Further, as Carnegie recognized, the United States Supreme Court has indicated that a class might be suitable for settlement purposes but not for litigation because the settlement might "eliminate all the thorny issues that the court would have to resolve if the parties fought out the case." Carnegie, 376 F.3d at 660, citing Amchem Products, Inc. v. Windsor, 521 U.S. 591, 620, 138 L.Ed. 2d 689, 710-11, 117 S.Ct. 2231, 2248 (1997). Thus, support for a settlement class is not necessarily inconsistent with the position that class litigation might be inappropriate. To apply estoppel principles here merely because a class was certified for settlement purposes would disregard this distinction and would preclude Blockbuster from asserting any argument regarding a change in circumstances due to an amended complaint.

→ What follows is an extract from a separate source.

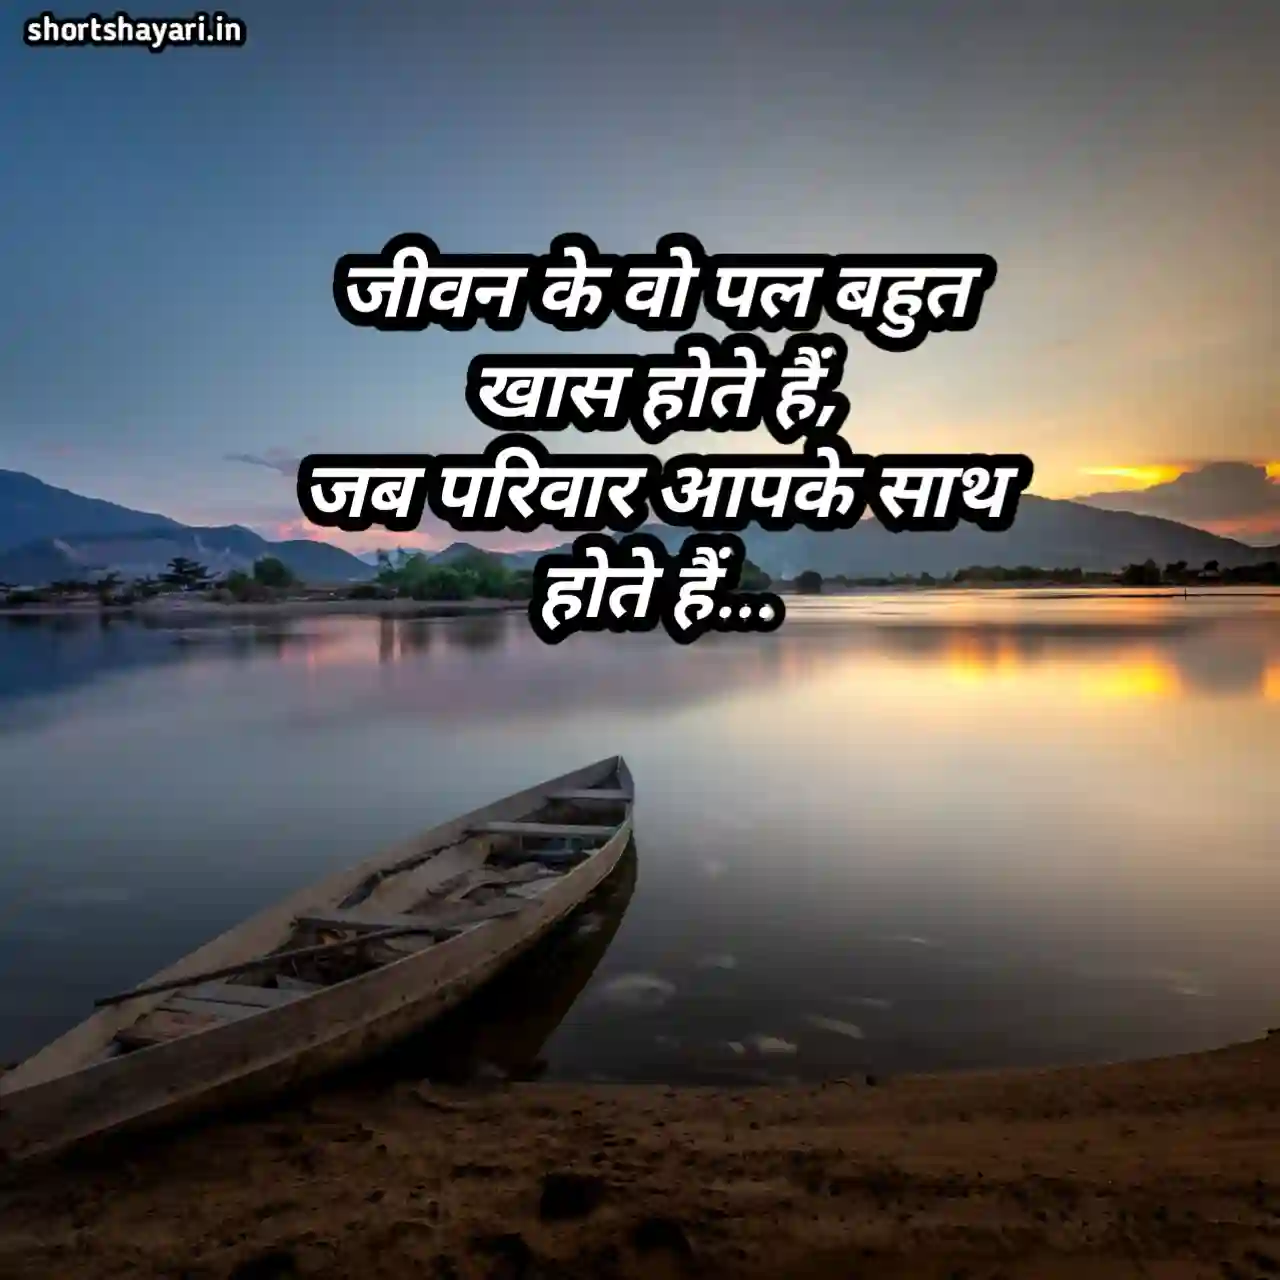 Collection of over 999 Hindi quotes on life with stunning 4K images

In finding that judicial estoppel is not applicable here, we also consider Blockbuster's contention that it specifically limited its settlement agreement in Scott to certification for settlement purposes only and reserved its right to contest class certification with respect to future litigation. A reservations of rights should be a factor to consider in determining whether a party has taken an inconsistent position in an earlier proceeding. The language of the reservation indicates that if the settlement agreement was not approved, Blockbuster would be free to reargue class certification for litigation purposes. Although it does not specifically address the scenario here where the settlement was approved, it is some evidence that Blockbuster sought to limit its agreement to certification for settlement purposes to that case only and did not intend it to apply to other litigation, thereby indicating that it did not take an inconsistent position here.
We conclude that judicial estoppel is not applicable in this context because the trial court has an independent and continuing responsibility to ensure that a class action is indeed appropriate and to protect absent class members when there is a change in circumstances even where there is no opposition to it. 735 ILCS 5/2-801, 2-802 (West 2004). Although a party's position during settlement can be relevant to whether certification is proper for litigation purposes, it cannot act as de facto certification for litigation purposes. To apply judicial estoppel would, in essence, abdicate the court's continuing duty to assure that the class satisfies the criteria for certification under section 2-801, especially here, where there have been substantive amendments to the complaint.
Accordingly, for all of the foregoing reasons, we answer the certified question in the affirmative, holding that the circuit court abused its discretion when it imposed the equitable doctrine of judicial estoppel to bar Blockbuster from challenging certification of a national litigation class in Illinois based on its previous position in a prior settlement of a different class in a related case. We remand for reconsideration of Blockbuster's motion to decertify the national class on the merits. We instruct the trial court to re-examine the certification requirements of section 2-801 of the Code (735 ILCS 5/2-801 (West 2004)) in light of the allegations in the second amended consolidated complaint.
Certified question answered in the affirmative. Remanded with directions.
QUINN, P.J. and GREIMAN, J., concur.